> Work to complete
The data must be reproduced verbatim; images are to be omitted.

> Supplied information
· · · · ·

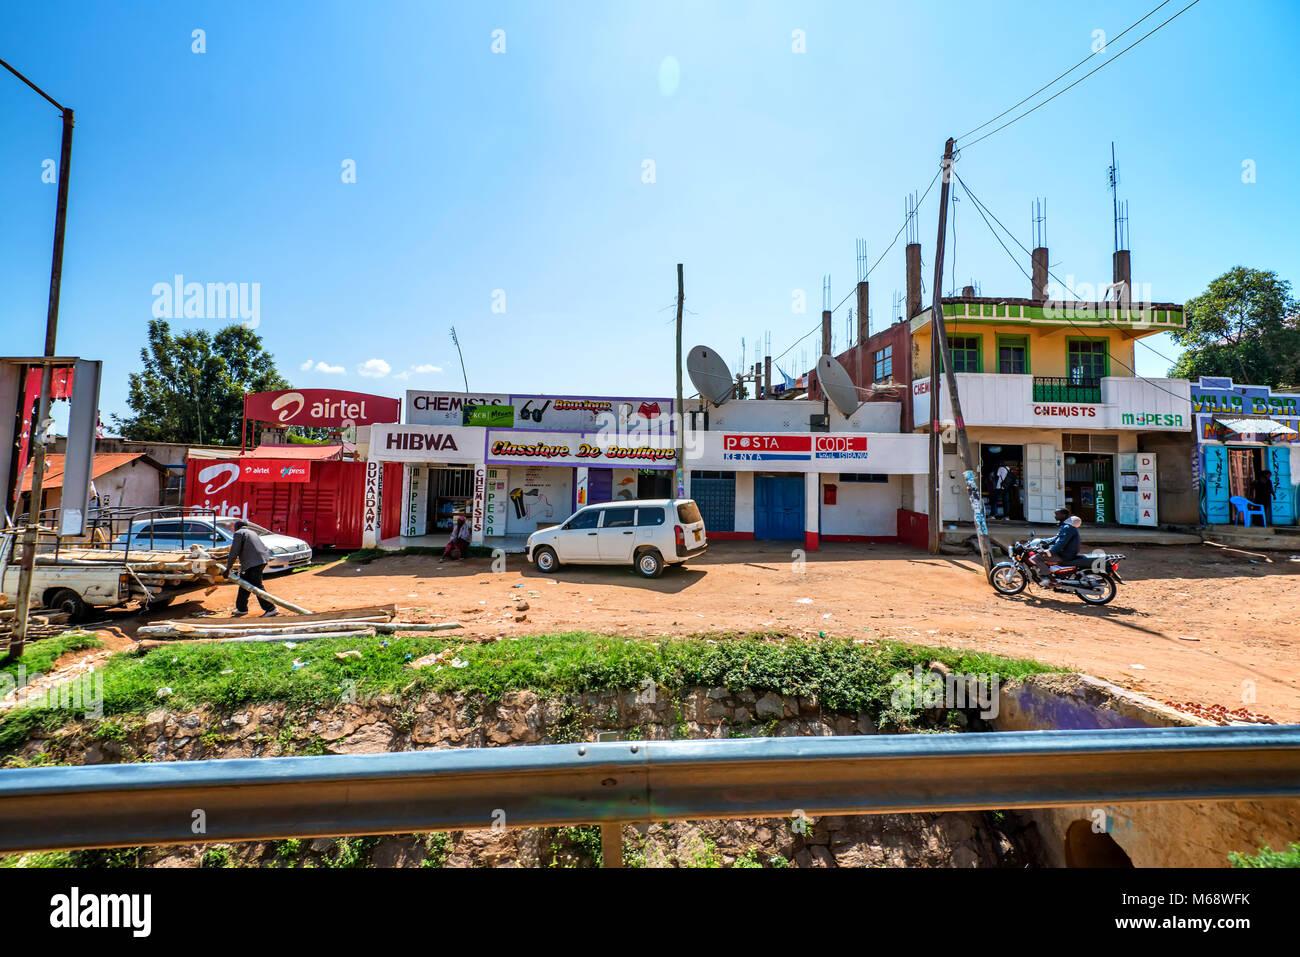 ISEBANIA, KENYA -JANUARY 3, 2015: View of Isebania street Stock Photo
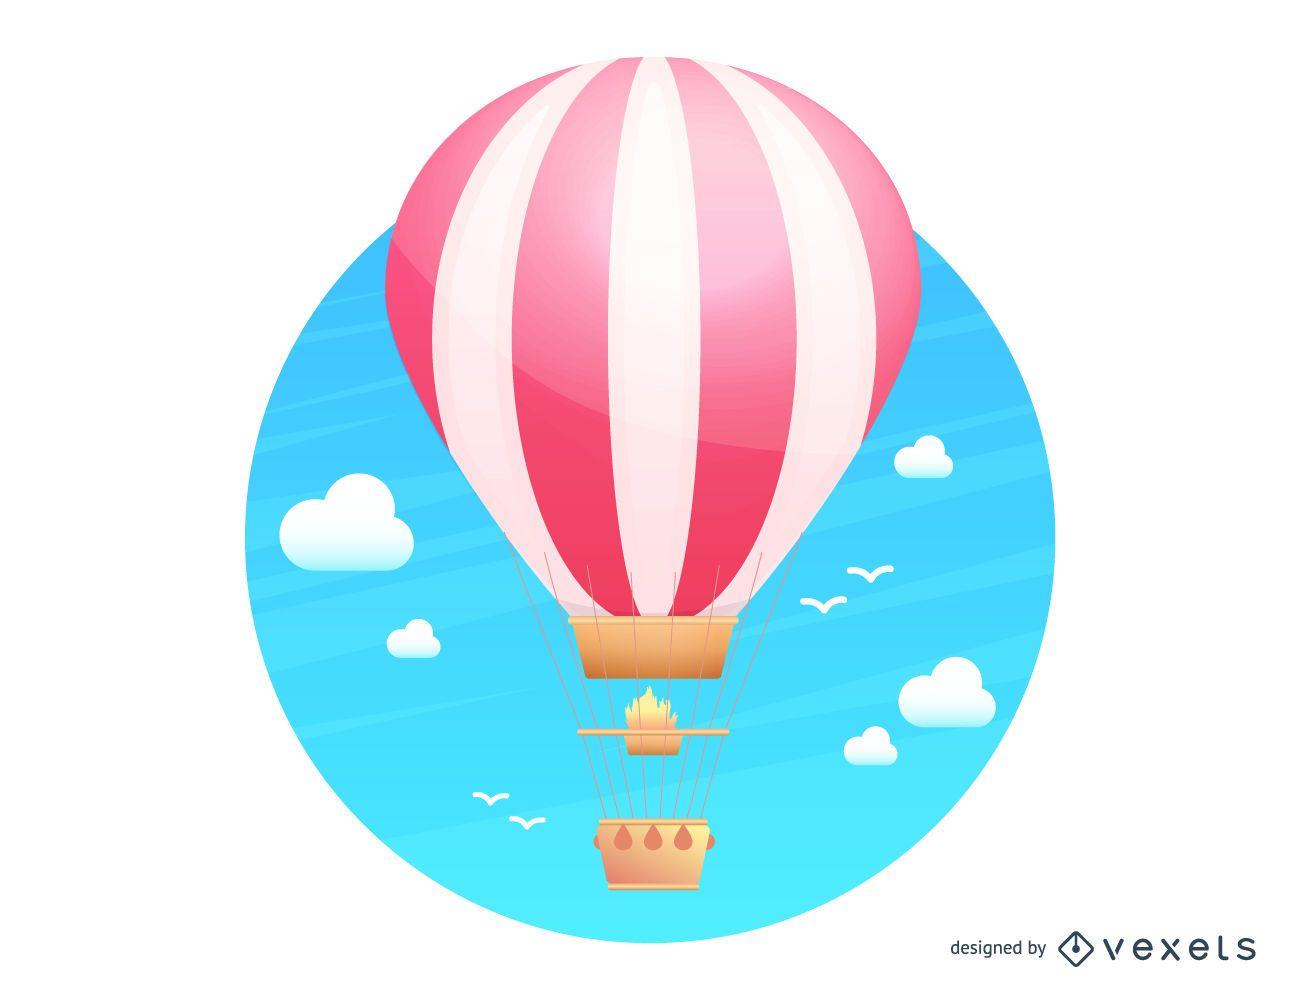 Hot air balloon flying illustration
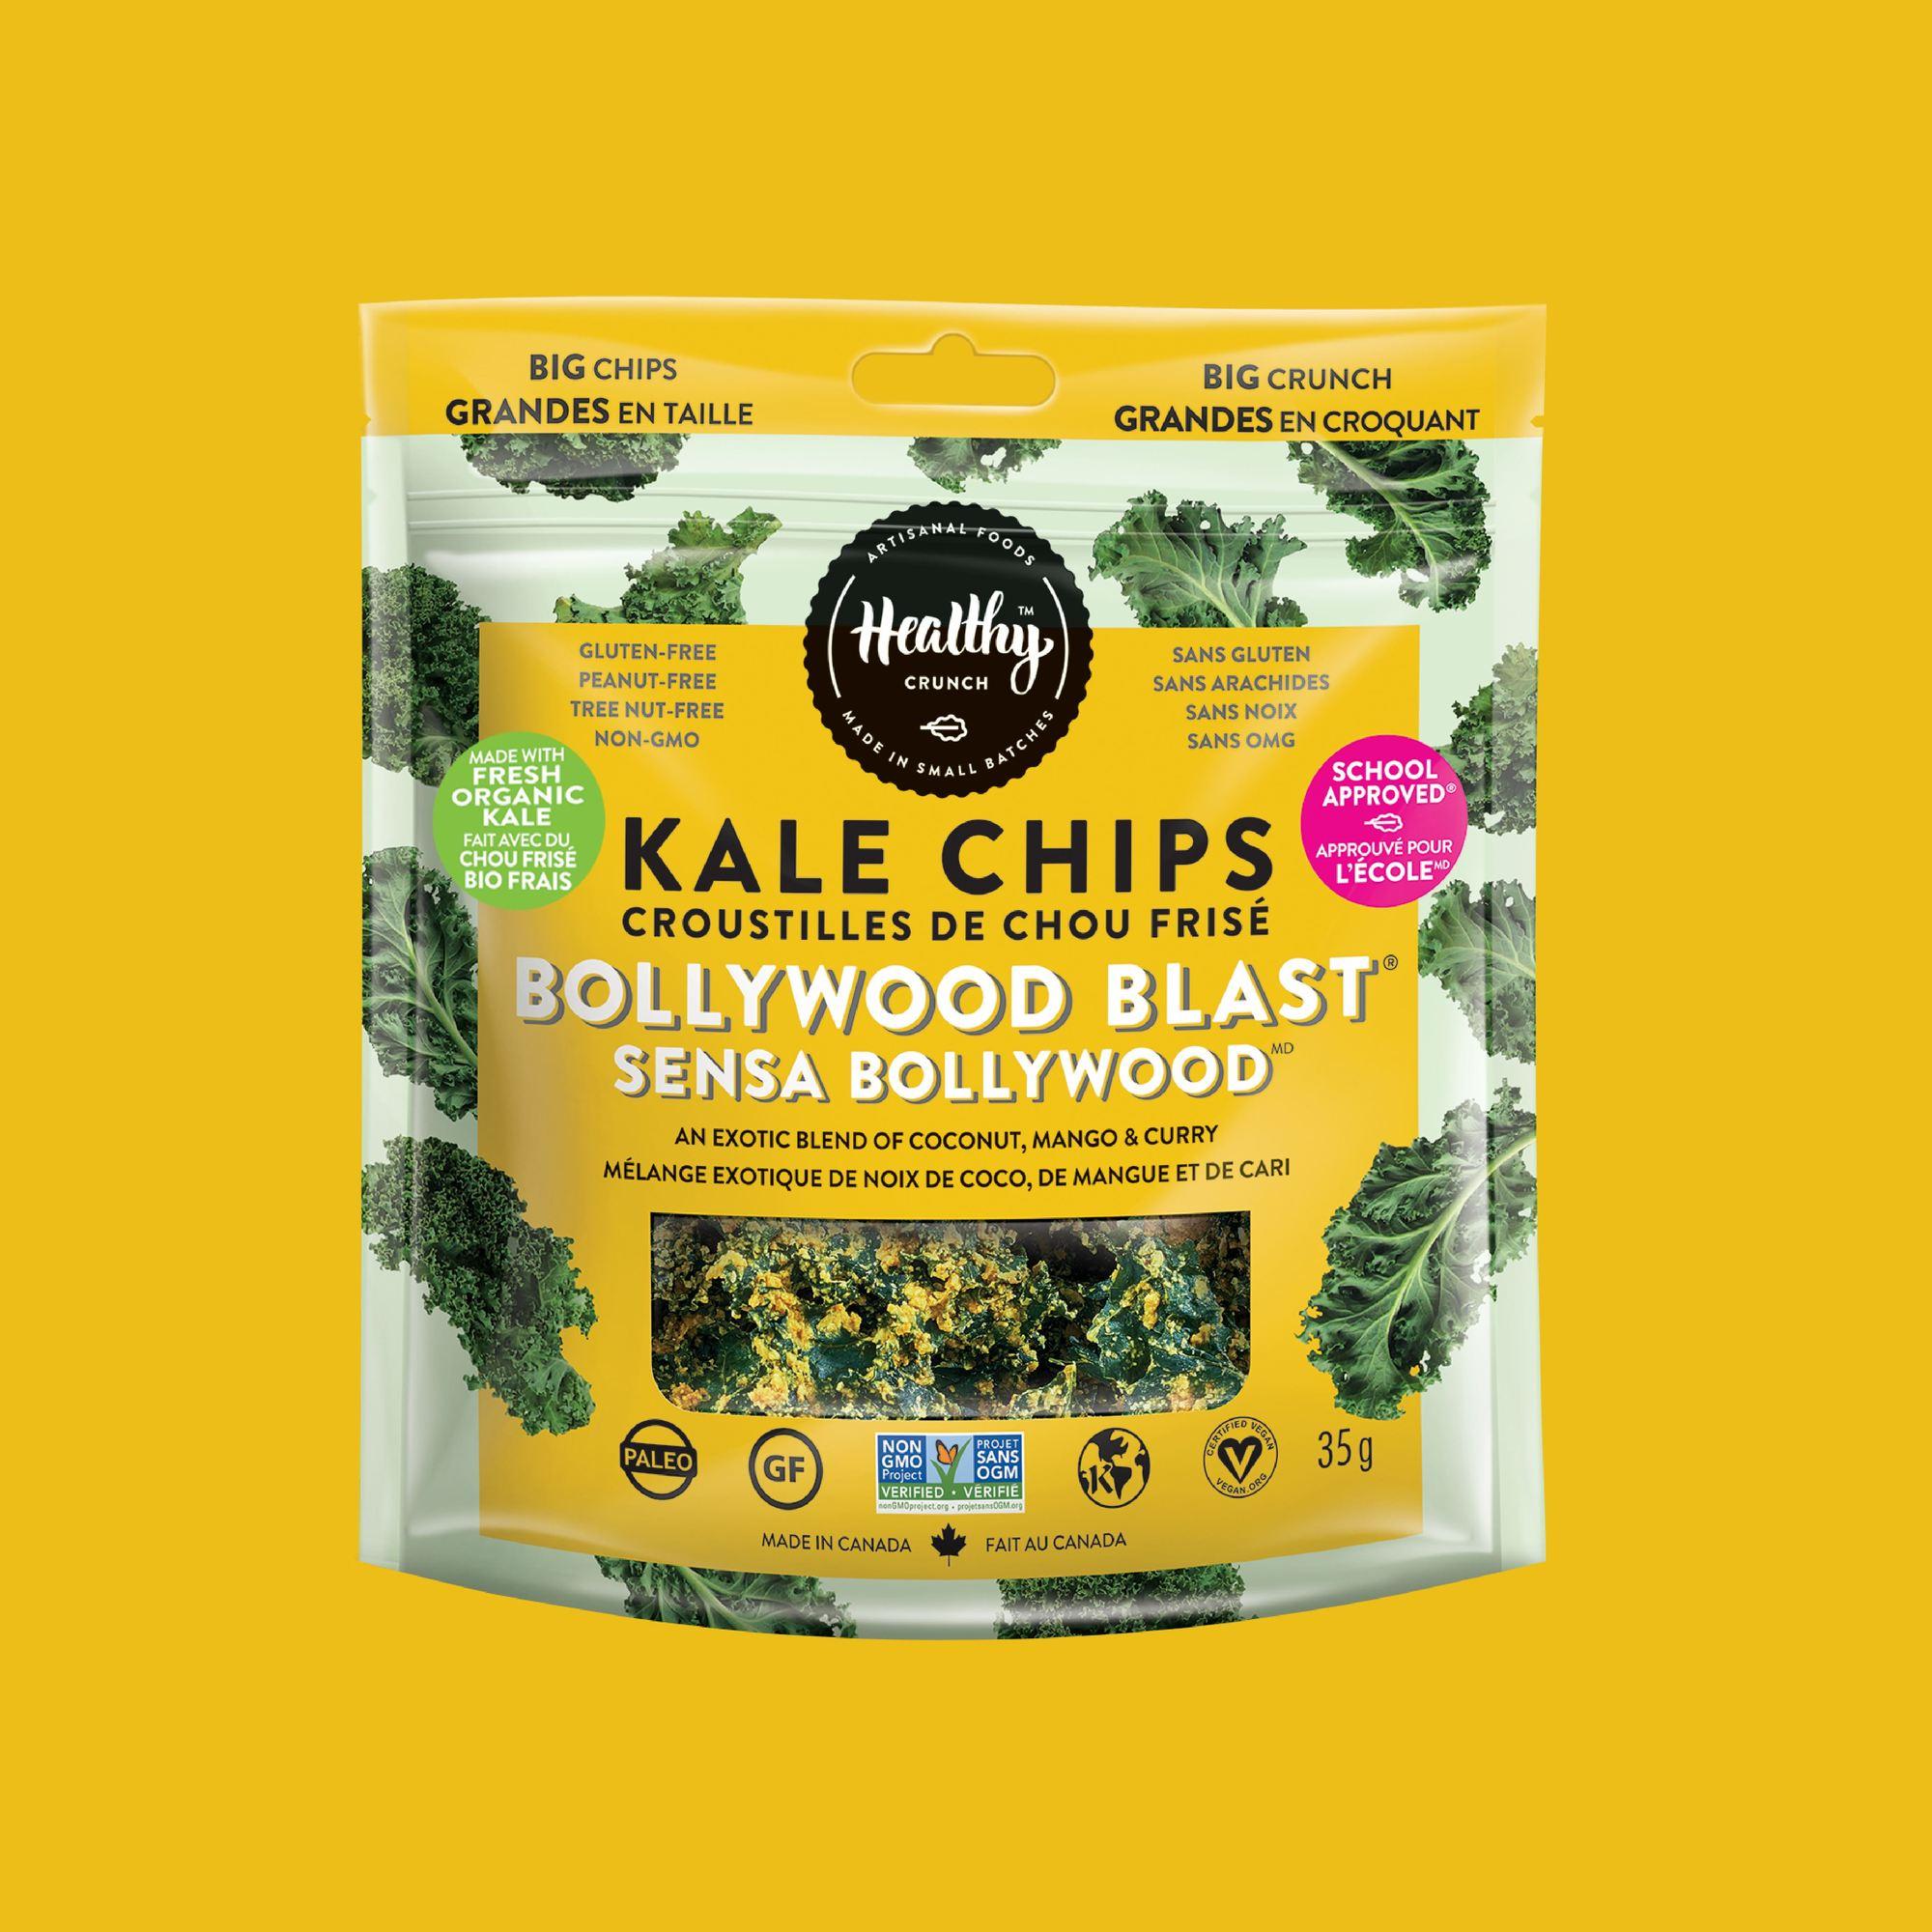 Bollywood Blast Kale Chips
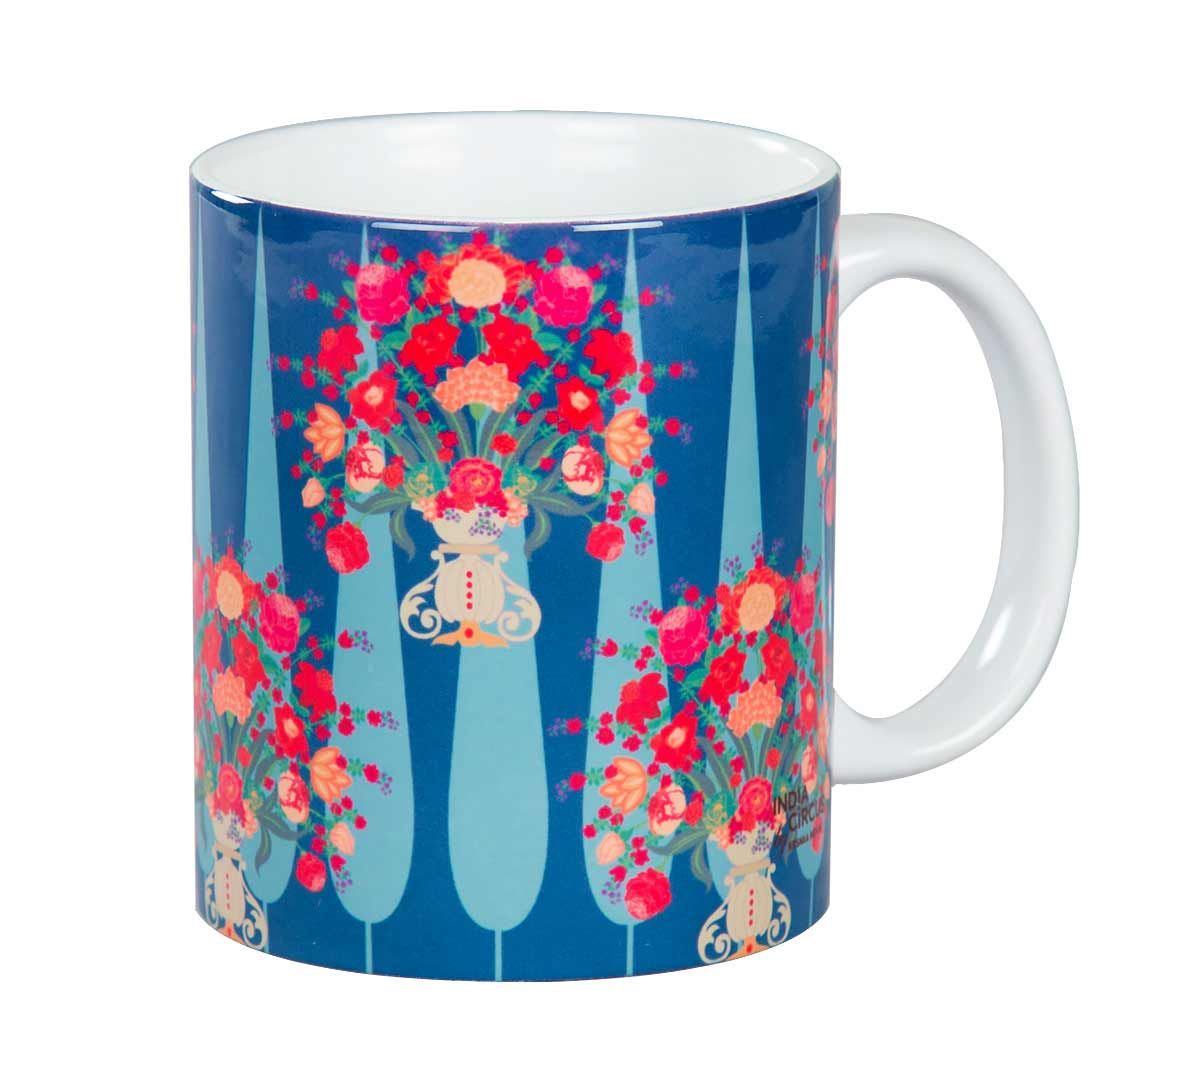 Conifer Affair Mug

· · · · ·

> Your solution
 ISEBANIA, KENYA -JANUARY 3, 2015: View of Isebania street Stock Photo
 Hot air balloon flying illustration
 Bollywood Blast Kale Chips
 Conifer Affair Mug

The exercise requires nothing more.